Cuando el artículo está escrito en otro idioma, debe mantenerse
su escritura en el idioma original, sin traducir el título, si la referencia
no fue consultada personalmente, sino tomada de otro artículo o un
libro debe indicarse la fuente, por ejemplo: Hirschprung H, Stuhltragheit Neugeborener in Folge von Dilation und Hypertrophic des
Colon. Jahrb Kindech 1888; 27:1. Citado en: Martin LW, Torres AM.
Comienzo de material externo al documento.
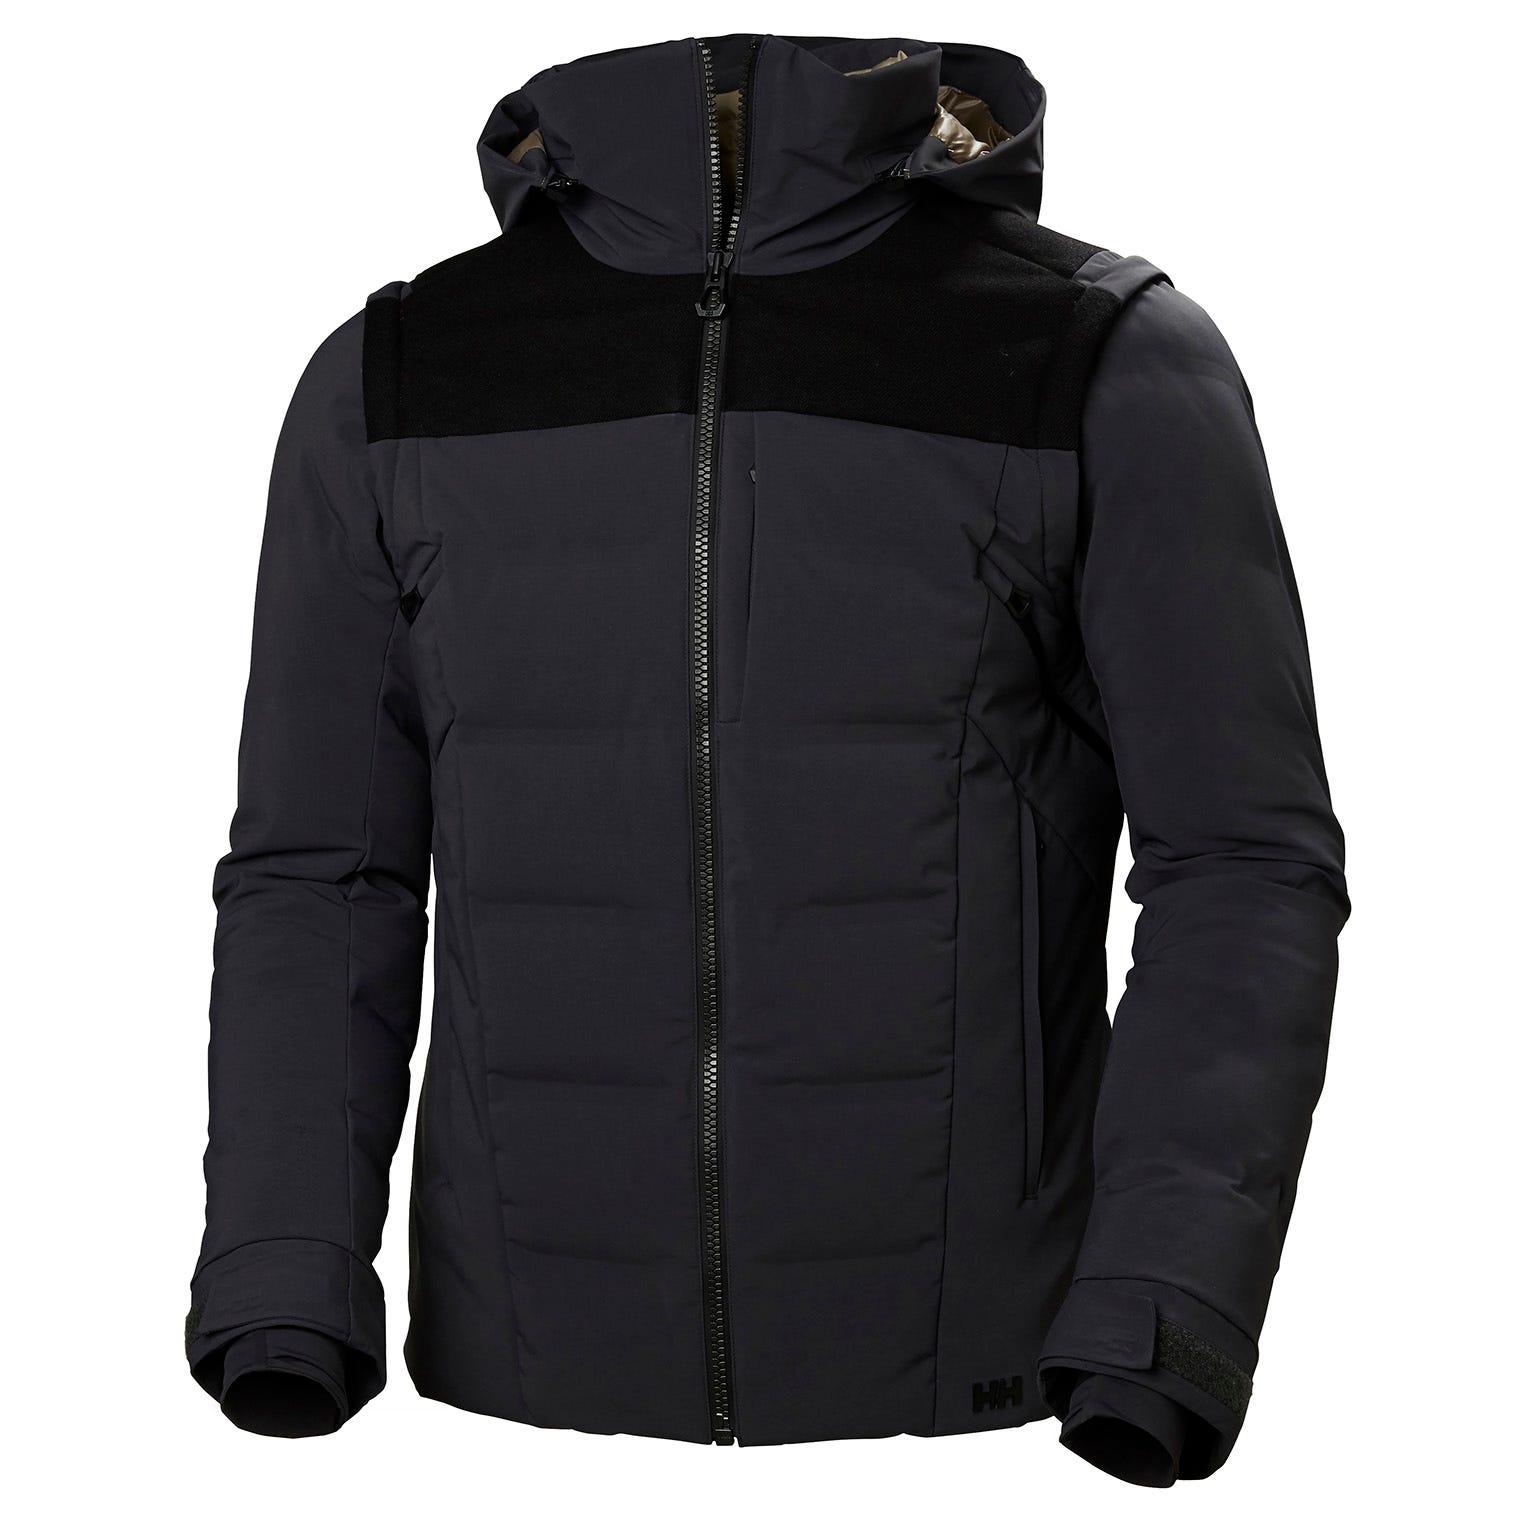 Helly Hansen Mens Kitzbühel Puffy Jacket Black XL

Enfermedad de Hirschprung. Clin Quir NA 1985; 5: 1205-14. Si la
referencia proviene de un libro el orden de la cita será el siguiente:
Apellido del primer autor seguido de sus iniciales correspondientes
a su segundo apellido y su nombre, título del libro y subtítulos si los
hubiere, número de edición, casa editorial, ciudad, año y página inicial.
Por ejemplo: Velázquez JL. Redacción del escrito médico. 2a, edición, Ediciones Médicas del Hospital Infantil de México Federico
Gómez, México, D.F., 1989. Cuando se trate de un capítulo de libro,
la referencia debe organizarse de la siguiente forma: Apellido completo
del autor, seguido por las iniciales del segundo apellido y el nombre,
título del capítulo. Nombre(s) del autor(es) del libro citado, título de
éste, número de edición, editorial, ciudad, año y página inicial. Un
ejemplo sería el siguiente: Vargas VF, Causalidad y factor de riego.
En: Altamirano ML, Cano VF. Epidemiología clínica. Facultad
de Medicina, UNAM, México, D.F., 1989, 109.
Cuadros
Mecanografíe o imprima cada cuadro a doble espacio en hojas separadas. No envíe los cuadros como fotografías. Numere los cuadros en
forma consecutiva de acuerdo a su aparición en el texto y provea cada
cuadro con un título breve. Las explicaciones deberán ir como pie de
cuadro y no en el encabezado. Explique en forma de pies de cuadros
todas las abreviaturas que no sean de uso común. Para los pies de
cuadro utilice los siguientes símbolos. *, +, $, &, **, ++.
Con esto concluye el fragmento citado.